Incomplete responses to the I-QOL
The I-QOL is a questionnaire instrument with 22 items and the score is computed from all items. In such a situation, missing responses might be an important problem, leading to the reduction of sample size and study power. In our survey, 11 subjects (3.5%) replied to none of the I-QOL items; however, at least 1 item was missing for 49 other subjects. Thirty subjects missed 1 item, 4 missed 2 items, 3 missed 3 items, and 12 each missed 4 to 20 items. The number of missing responses for the 22 questions ranged from 5% to 7%, with the exception of the statement, “I worry about having sex,” for which the missing rate was 13%. Even though the missing rate for individual items was no higher than 13%, only 250 (80.7%) of I-QOL scores were complete.
Table 2 shows those variables significantly associated with incomplete response in a logistic regression model. Older women and women who had not graduated from high school were less likely to return a completed instrument, as were women who reported only urge incontinence. In addition, women who reported that incontinence was a problem were less likely to complete all the questions. These associations suggested that omitting women with incomplete responses from the analyses of I-QOL might introduce selection bias. We managed this problem by making use of the methods of multiple imputation.
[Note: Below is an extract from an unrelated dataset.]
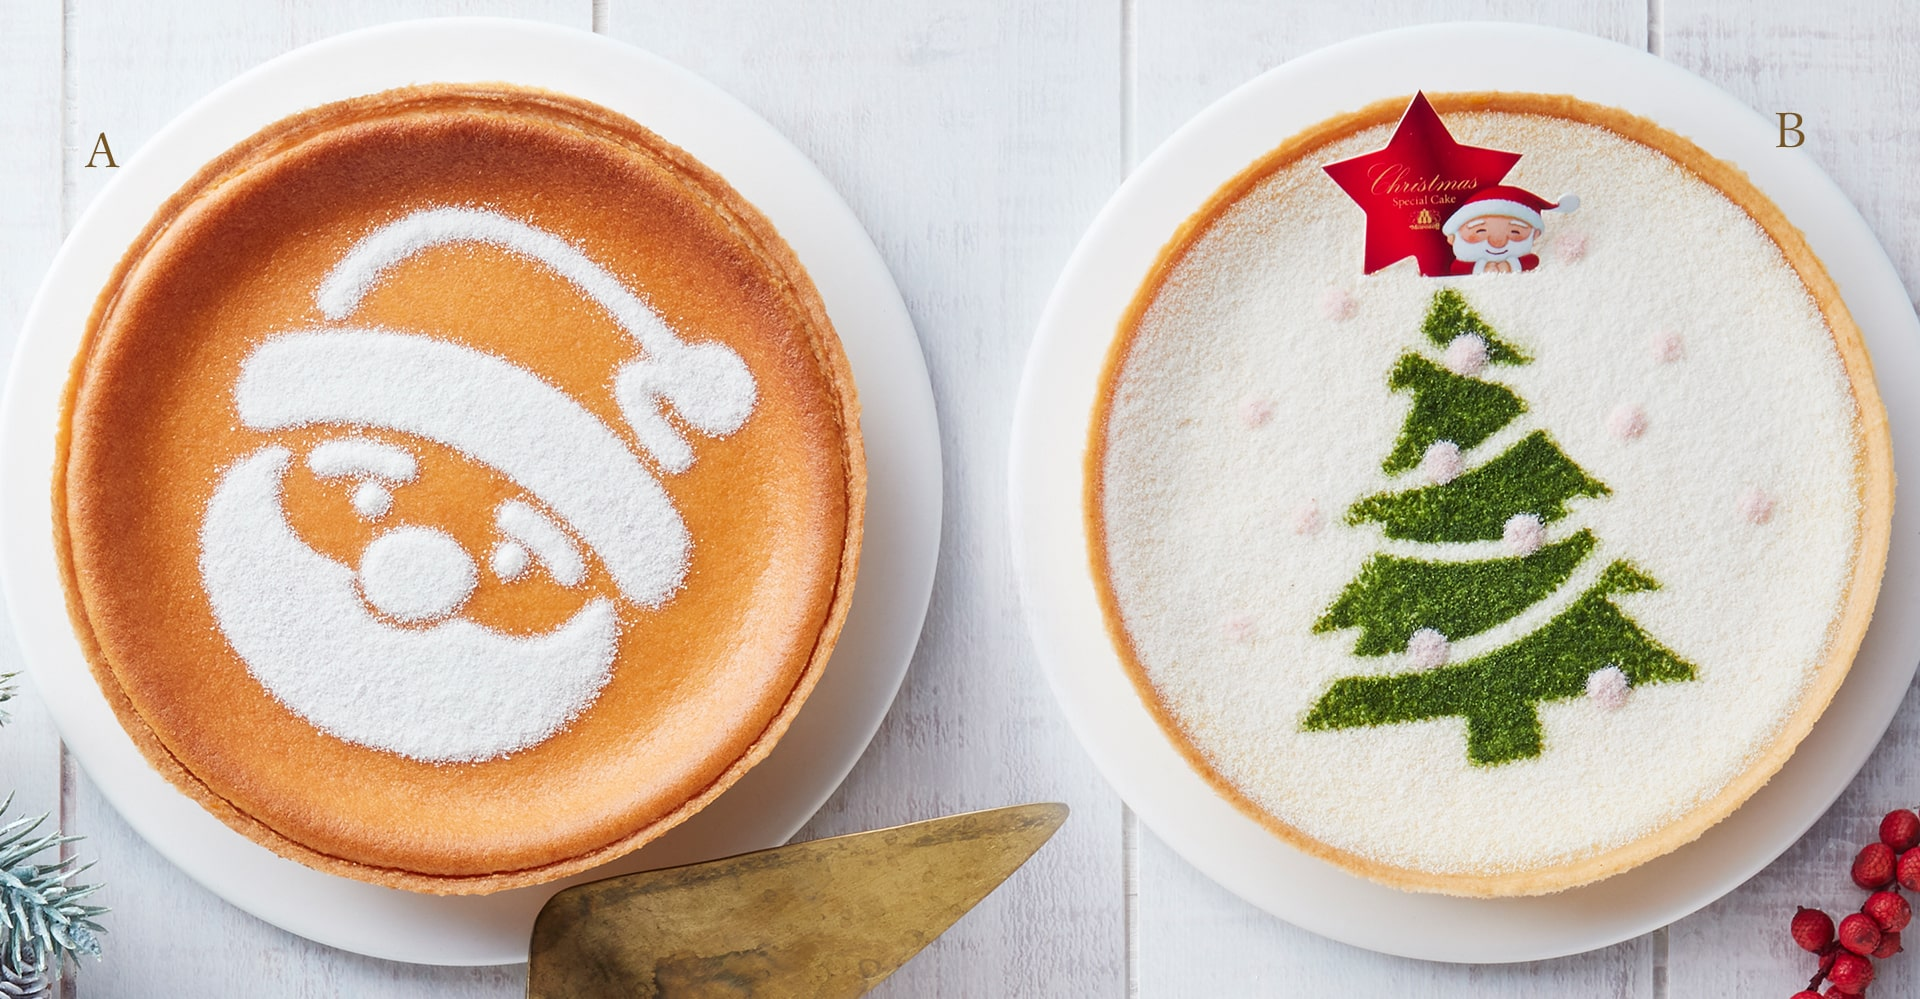 CHRISTMAS MASCARPONE CHEESE CAKE CHRISTMAS DENMARK CREAM CHEESE CAKE

Associations of I-QOL with incontinence factors
The I-QOL is scored in the range of 0 to 100, with lower scores indicating lower quality of life. The mean value of I-QOL among respondents was 83 (range, 15-100). We anticipated that the I-QOL scores would vary systematically with incontinence-related factors and planned to investigate these relationships with a linear regression model. We suspected, however, that the relationships between I-QOL and the number of daytime and nighttime episodes of incontinence might be nonlinear. We thus explored these relations with nonparametric regression methods, and Figure 1 shows the relations as estimated with a generalized additive model.12 The method of generalized additive models is a computer-intensive one that makes no prior assumptions about the shape of the relations between the outcome and the explanatory variables. It fits smooth, arbitrarily shaped functions to the data by a method that is a generalization of the “moving average.” Figure 1 shows that the I-QOL decreased as the number of incontinence episodes increased, but then reached a plateau when the frequency of occurrence was about 1 episode per day. In other words, quality of life worsened as the number of incontinence episodes increased from less than once per week to once per day. However, once incontinence was occurring daily, there was no further decrease in the perceived quality of life as incontinence episodes became more frequent than once per day. We found that these plateau relations could be satisfactorily modeled with logarithmic transformations of the number of incontinence episodes; ie, log (number of incontinence episodes per week + 1), where the 1 has been added to avoid log(0), which is undefined mathematically.
The following candidate variables were chosen for inclusion in an initial regression model for the I-QOL scores: age, type of incontinence (stress, urge, mixed), incontinence is perceived as a “problem” (yes/no), log-transformed number of daytime and nighttime incontinence episodes, amount of wetting (wets outer clothing or runs down leg/wets pad or underpants only), self-reported health status (excellent to poor), and education. In this initial model, there was no significant association between I-QOL scores and age, type of incontinence, or education. These variables thus were not retained in the final model, which is shown in Table 3. The model provided a good fit to the data (F8,190 = 43.1; P < .0001; R2 = .64). In addition to presenting the results of the model that excluded subjects with incomplete I-QOL scores, Table 3 shows the results of the model that included these subjects by using imputed values. There were only minor differences between the models. The I-QOL score decreased as the number of daytime and nighttime incontinence episodes increased and as the amount of urine loss increased. After controlling for other variables, the I-QOL averaged 12 points fewer among those women who considered their incontinence problematic. Further, there was a strong relation between the I-QOL and self-reported general health status.
DISCUSSION
Urinary incontinence is common among women in the community, but loss of bladder control is perceived quite differently by various respondents. In a survey of 36,000 Americans with incontinence, Jeter and Wagner reported that 17% described their incontinence as a major problem with important social implications,1 but the rest described it as a relatively minor problem with limited impact on their respective lifestyles. Self-administered quality of life instruments are valuable in measuring the impact of incontinence on the lives of subjects, of identifying subjects among whom interventions might have a beneficial impact on quality of life, and in following the natural history of incontinence and its treatment.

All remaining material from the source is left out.